The findings of this study indicate that XGBoost outperformed all other models by achieving the highest accuracy with an R\(^2\) value of 96.83%, the lowest MAPE (5.29%), MAE (6.0), and MASE (0.180), while maintaining exceptional computational efficiency with a training time of just 1.62 s. Following XGBoost, the Bi-LSTM model demonstrated a strong predictive performance with an R\(^2\) value of 96.74%, MAPE of 5.51%, MAE of 5.83, and MASE of 0.175. However, the Bi-LSTM model required significantly longer training times (169.92 s) that limits its applicability for real-time applications despite its accuracy. Beyond these top-performing models, CNN provided a favourable balance between accuracy and computational efficiency by achieving an R\(^2\) value of 95.88% and a training time of 82.25 s. GRU networks, while achieving a comparable level of accuracy (R\(^2\): 94.93%), were less efficient with a longer training time of 146.88 s. LSTM networks and SARIMAX models lagged behind with R\(^2\) values of 83.38% and 91.15%, respectively, and higher error metrics, making them less suitable for this specific application. These results highlight the superiority of XGBoost for applications requiring both high accuracy and computational efficiency. While Bi-LSTM is a viable alternative when accuracy is prioritised, models like CNN offer a practical middle ground, particularly for scenarios balancing predictive accuracy and computational demands. Conversely, GRU and  LSTM networks, and SARIMAX may be less effective for datasets with similar characteristics due to their higher computational requirements or lower predictive performance.
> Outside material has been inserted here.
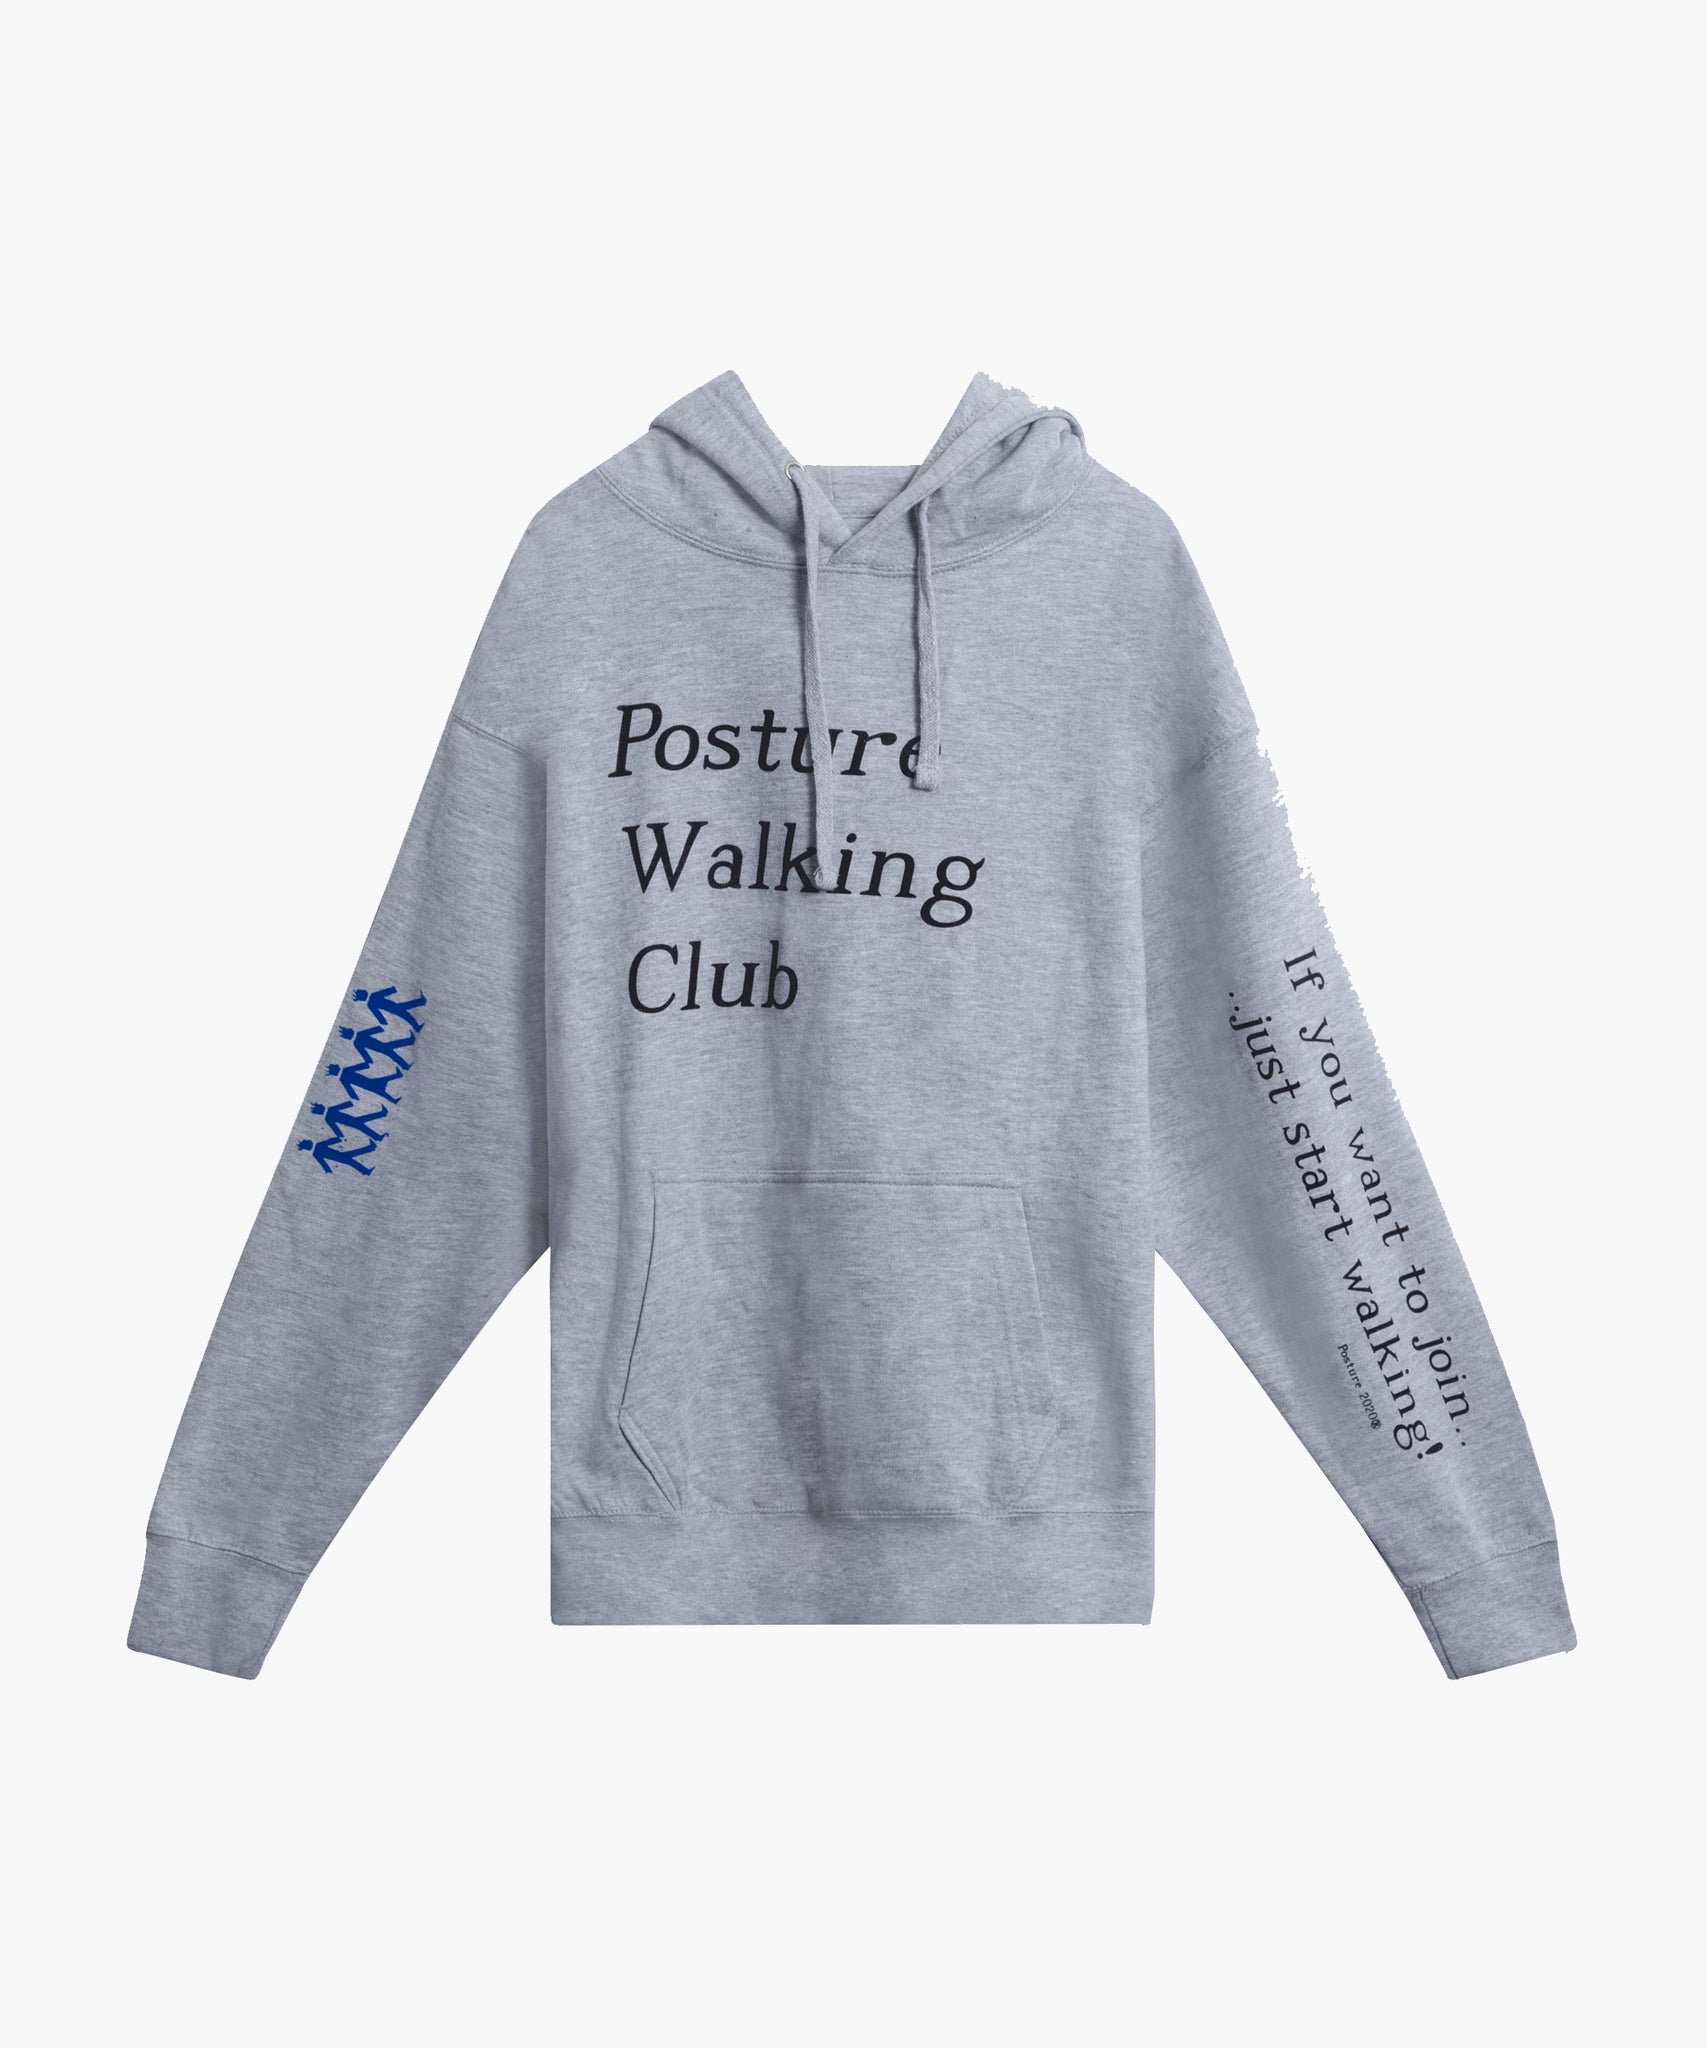 Posture Walking Club Pullover - Grey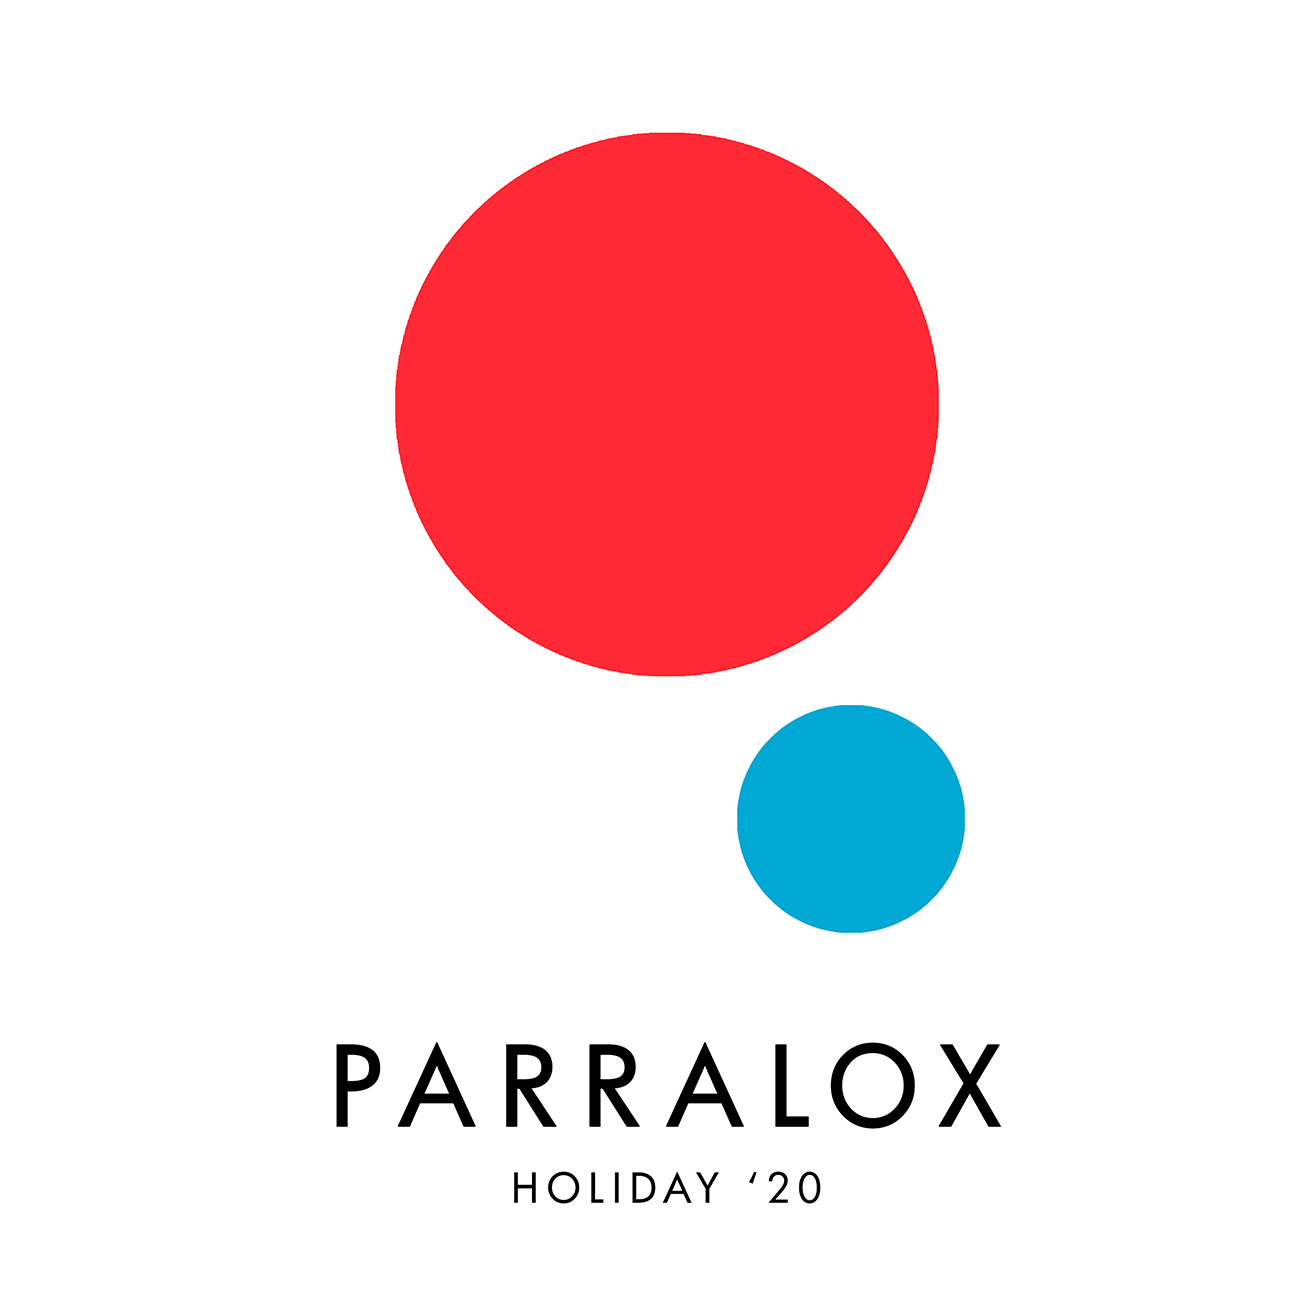 30. Parralox Holiday 20

The outcomes of this study provide valuable insights into the practical implementation of EV charging demand prediction models in real-world smart grid systems. The demonstrated performance of the XGBoost and Bi-LSTM models highlights their effectiveness such that XGBoost excels in computational efficiency and Bi-LSTM offers high accuracy by making them both suitable for deployment in regional and national EV charging infrastructure planning. These models can assist utility providers and grid operators in optimising energy distribution, reducing peak loads, and ensuring efficient integration of renewable energy sources. Furthermore, the scalability of the proposed models allows their application across different regions with varying charging behaviours and infrastructure densities. In future studies, it is planned to expand the dataset to estimate EV charging demand in the national-scale that incorporates a broader geographical scope with diverse regional characteristics. Alongside this expansion, real-time data streams such as meteorological conditions, anonymised vehicle GPS data, and traffic patterns will be integrated to enhance model accuracy and adaptability for dynamic energy management systems. Additionally, new methodologies may be explored and combined with the current statistical and ML-based techniques to further optimise prediction performance. This approach aims to provide a robust foundation for policy development, infrastructure planning, and investment decisions in sustainable transportation networks.